# MBTI Types as Brands of Cereal



## Selene (Aug 2, 2009)

*INFP = Froot Loops

...because they are fruity ass birds.





** INFJ = Special K

...because they think they're God's gift to the world.





ENFP = Frosted Flakes

...because they are high as a mothafucka.





ENFJ = Reese's Puffs

...because WTF REESE'S FOR BREAKFAST?





INTP = Rice Krispies

...because they snap, crackle, and explode all over your bitch ass.





INTJ = Count Chocula

...because they don't play no games, bitch.





ENTP = Lucky Charms

...because they like to steal other people's shit.





ENTJ = Apple Jacks

...because they are a bunch of liars.





ISTP = Cinnamon Toast Crunch

...because they can't figure out what makes it taste so good.





ISTJ = Grape Nuts

...because you feel constipated just watching them do their daily routine.





ESTP = Wheaties

...because they will pump your bitch ass up whether you like it or not.





ESTJ = Fruity Pebbles

...because Barney's your bitch.





ISFP = Cocoa Puffs

...because they are fucking cuckoo.





ISFJ = Cheerios

...because they are worried about your bitch ass eating healthy.





ESFP = Honeycomb

...because they're batshit insane if you give them sugar.





ESFJ = Alpha-Bits

...because they're full of artificial sweetness.*




(Much credit due to TurranMC.)


----------



## TurranMC (Sep 15, 2009)

Selene said:


> (Much credit due to TurranMC.)


Yes! We made this after talking about the way Perseus types people as animals in Ventrilo. Selene is awesome for putting it all together! I hope you guys enjoy it.


Also I apologize for all the curse words.. Yes that was mostly me >_<


----------



## Stars (Jul 23, 2009)

This doesn't change the fact that Jimmy Buffett's music is horrible. Every time I hear "Margaritaville" on the radio when I'm driving, I feel like getting into a car accident on purpose. I mean look at this picture:










Can a person get any lamer? I don't think so.


----------



## murkrow (Oct 12, 2009)

I disagree on most of them.

I don't care if it's a joke. I judge this to be a nearly absolute failure.


----------



## mcgooglian (Nov 12, 2008)

How can you not like Jimmy Buffet? His music is amazing when you're chilling on a boat or in the sun.


----------



## TurranMC (Sep 15, 2009)

murkrow said:


> I disagree on most of them.
> 
> I don't care if it's a joke. I judge this to be a nearly absolute failure.

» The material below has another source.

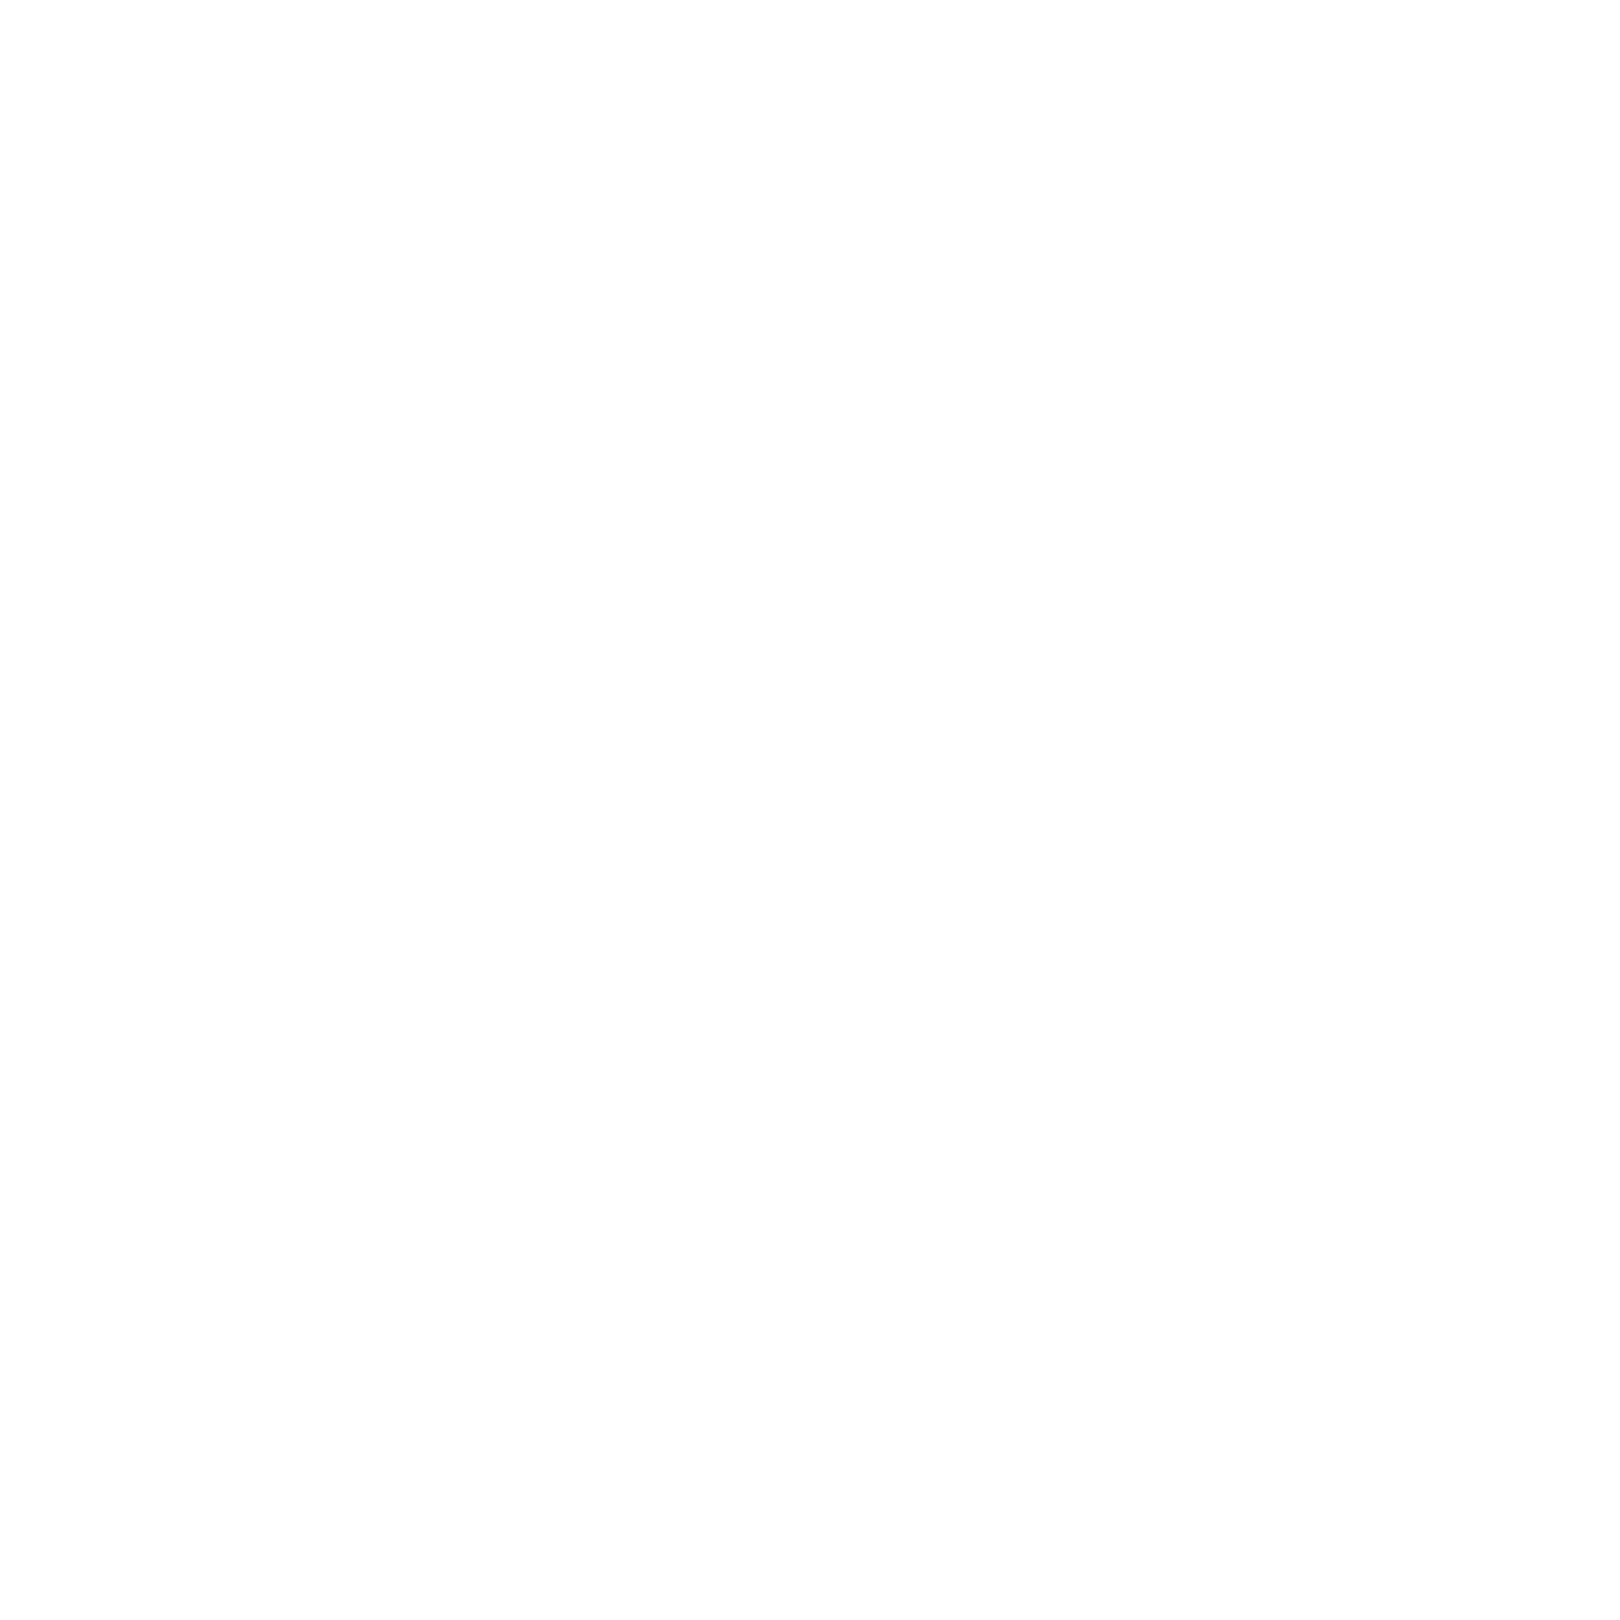 Icon of two women saying Envio is woman owned

Dude you're on ventrilo crying every damn day you need to chill out bro rofl


----------



## Selene (Aug 2, 2009)

murkrow said:


> I disagree on most of them.
> 
> I don't care if it's a joke. I judge this to be a nearly absolute failure.


LOL. It's not a failure until alizeé says:



alizée le fluff said:


> This thread, Selene, is one of your minuses.


----------



## moon (Nov 29, 2008)

I totally thought Froot Loops before even opening this thread. Right on.


----------



## So Long So Long (Jun 6, 2009)

I approve.


----------



## firedell (Aug 5, 2009)

I agree with mine, but I thought possibly Sugar Puff's for ENFP too.


----------



## Scruffy (Aug 17, 2009)

They're after me lucky charms.


The reason is a bit stupid but I like the cereal Idea. Only an ENTP would make a pot of gold marshmallow, or a clover, or a shot glass.


----------



## Essay (Oct 13, 2009)

What about Trix? Captain Crunch?


----------



## Selene (Aug 2, 2009)

We originally had Cap'n Crunch for ENTJ, but we couldn't think of a description beyond the obvious "they like to take charge of people", which isn't that funny.

Trix...hehe.


----------



## Stoic (Aug 7, 2009)

Lol, well thanks for the laugh at least, but grape-nuts... really...


----------



## Selene (Aug 2, 2009)

Stoic said:


> Lol, well thanks for the laugh at least, but grape-nuts... really...


Lol, sorry. I mean, they're not that bad... :laughing:


----------



## TurranMC (Sep 15, 2009)

Essay said:


> What about Trix? Captain Crunch?


It was really hard to think of something funny for some of the types and/or brands of cereal. We did our best!


----------



## djf863000 (Nov 7, 2009)

Nice, but I don't like chocolate.


----------